After a productive start to the main crop, aided by abundant rains and sunlight, farmers expected the harvest in villages to start tailing off from February.
In the western region of Soubre, at the heart of the cocoa belt, farmers expected the main crop to be larger than last season's, judging by the remaining pods on trees.
"It is not over yet. There are still enough pods to harvest," said Salame Kone, who farms near Soubre.
The Harmattan dry winds - which sweep in sand from the Sahara and can ravage cocoa pods and sap soil moisture - were retreating, farmers said.
"The Harmattan has pulled back significantly.
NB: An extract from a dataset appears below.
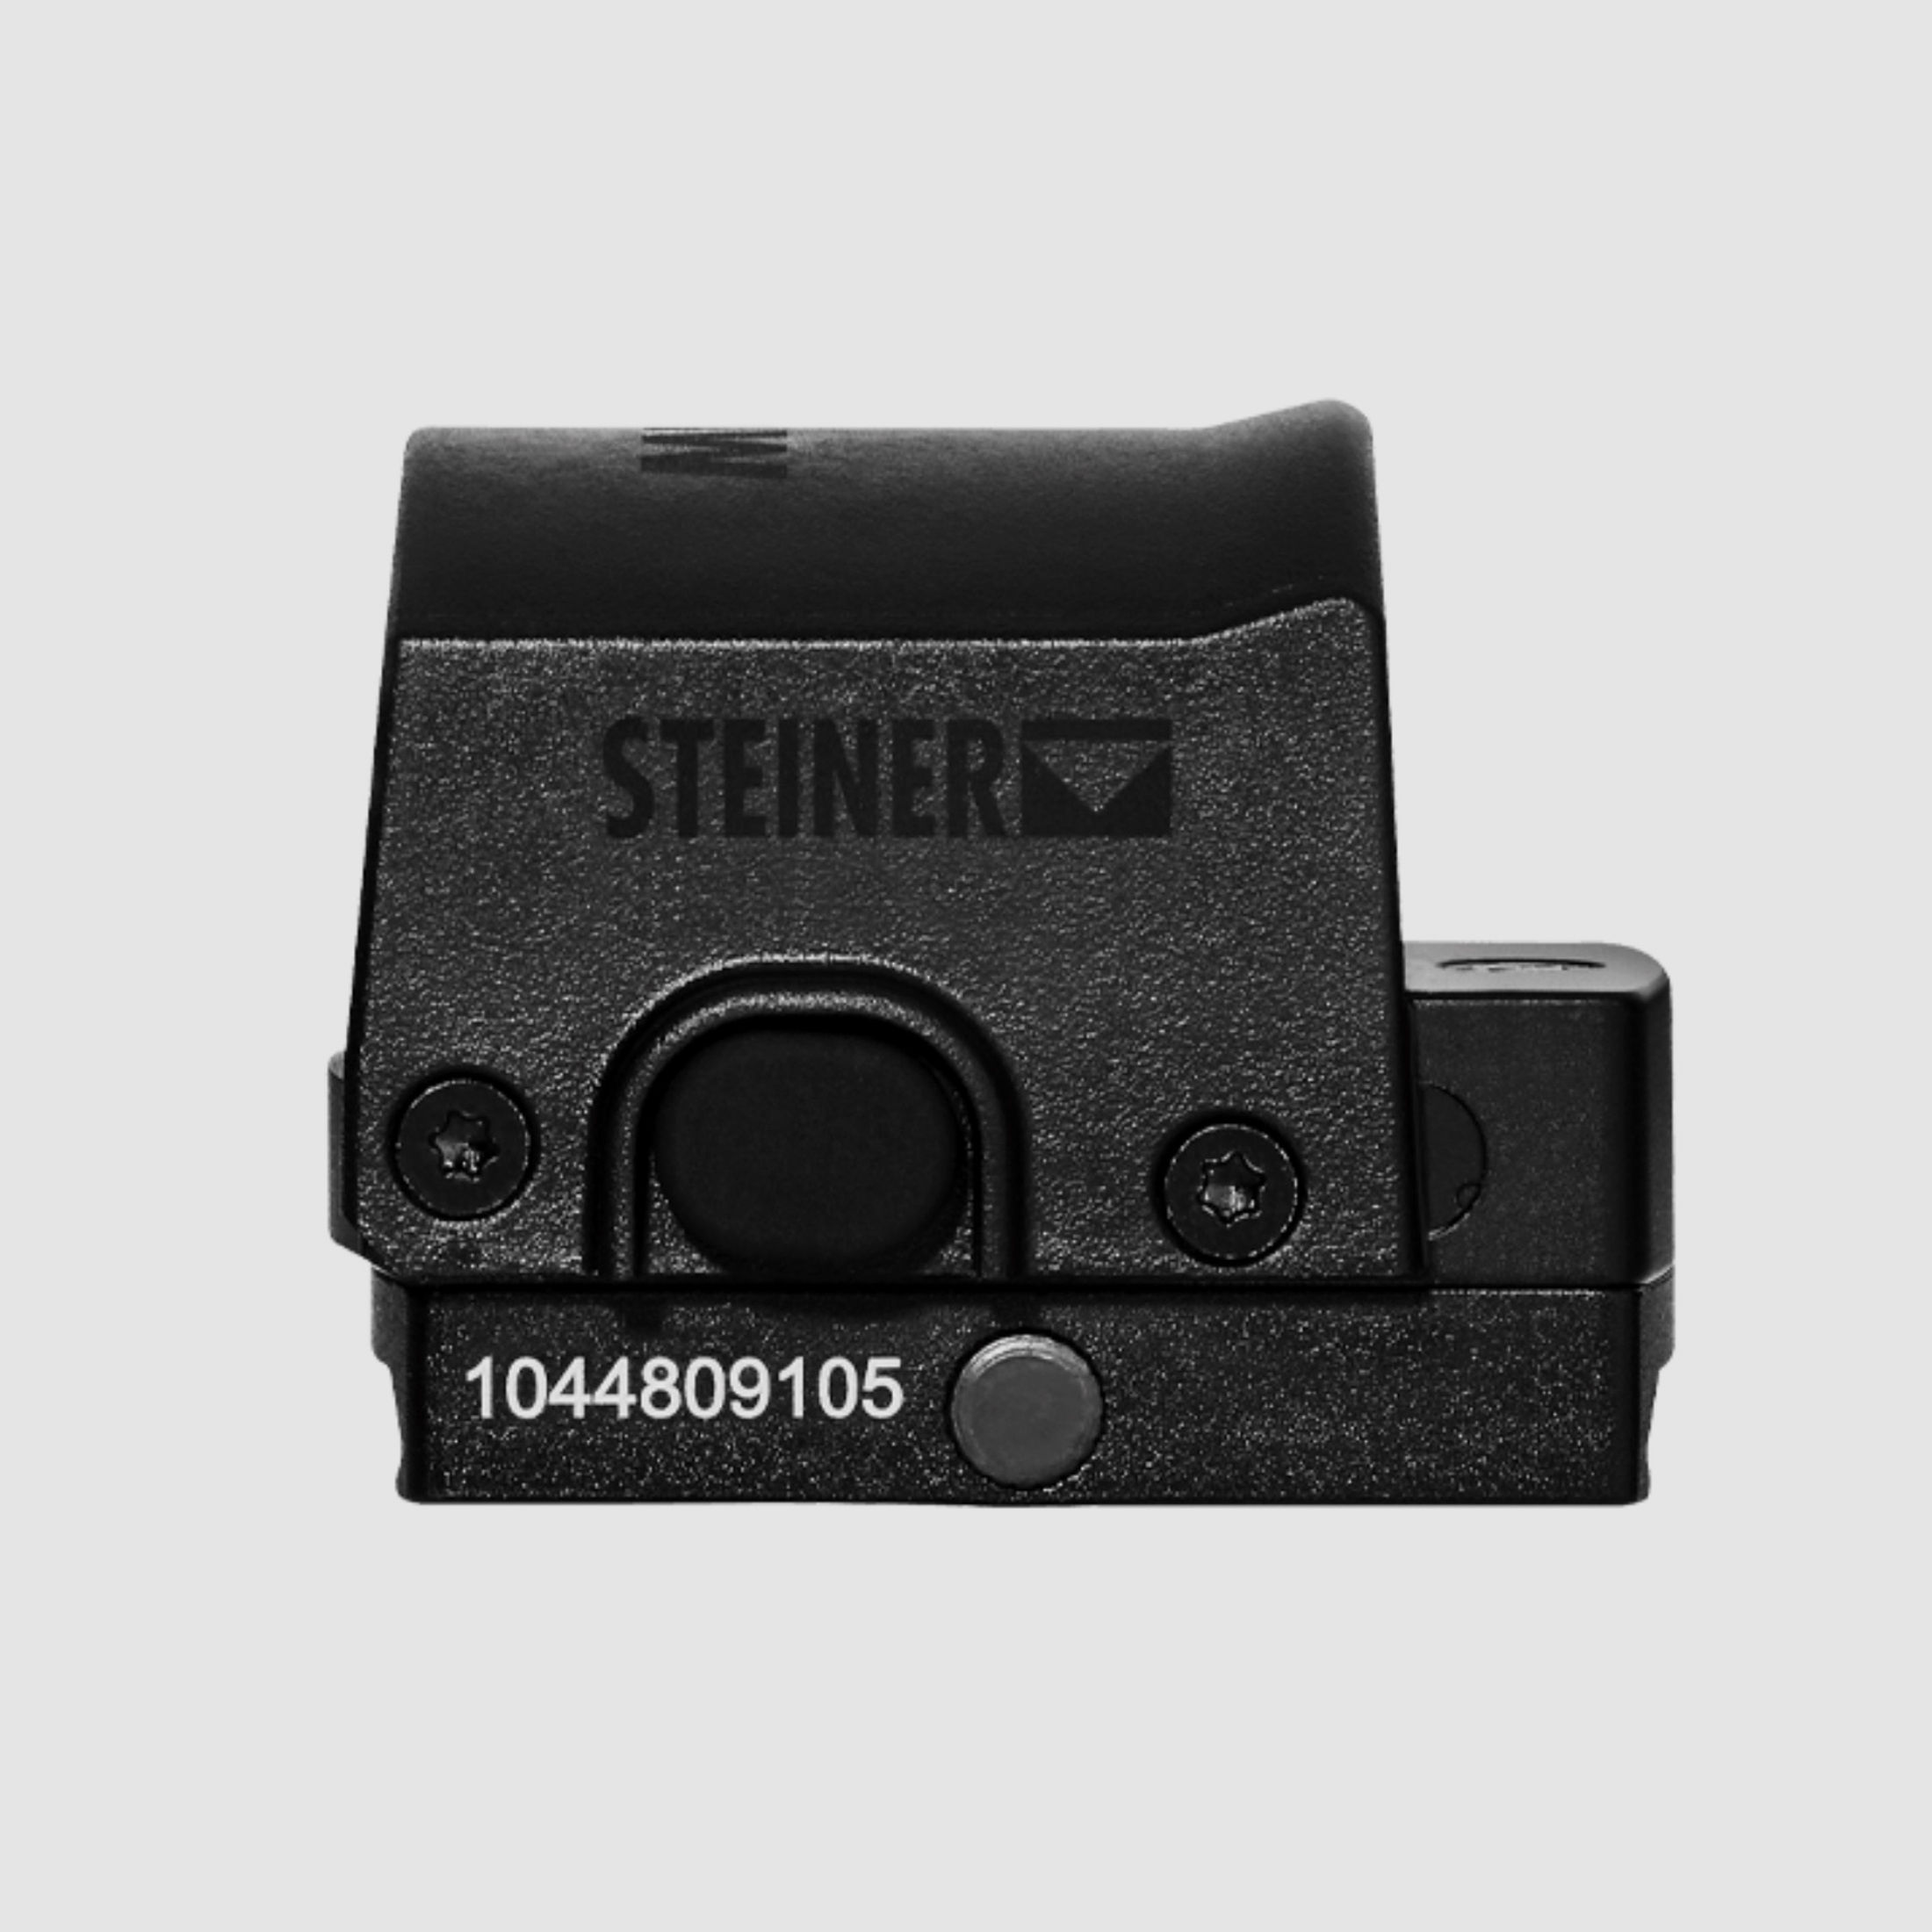 Steiner 202508700 Micro Reflex Sight MRS Picatinny

Heat came in its place," said Albert N'Zue, who farms near the centre-western region of Daloa, which produces a quarter of Ivory Coast's national output.
Focus On Upcoming Crop
The lull in harvesting from next month will allow cocoa growers to focus on the upcoming April-to-September mid-crop.
In the meantime, farmers hope to see one more rainfall before the end of the month to boost the many cherelles growing on trees in time for the start of the new crop, they said.
"We're seeing a lot of cherelles on the trees. There should be rain this month to guarantee a good mid-crop," N'Zue said.
Data collected by Reuters showed the western region of Soubre, which includes the regions of Sassandra and San Pedro, got 0.2 millimetres (mm) of rainfall last week, 3.4 mm below the five-year average.
No rainfall was recorded in any of Ivory Coast's other cocoa-growing regions. Temperatures on average ranged from 25.6 to 28.3 degrees Celsius.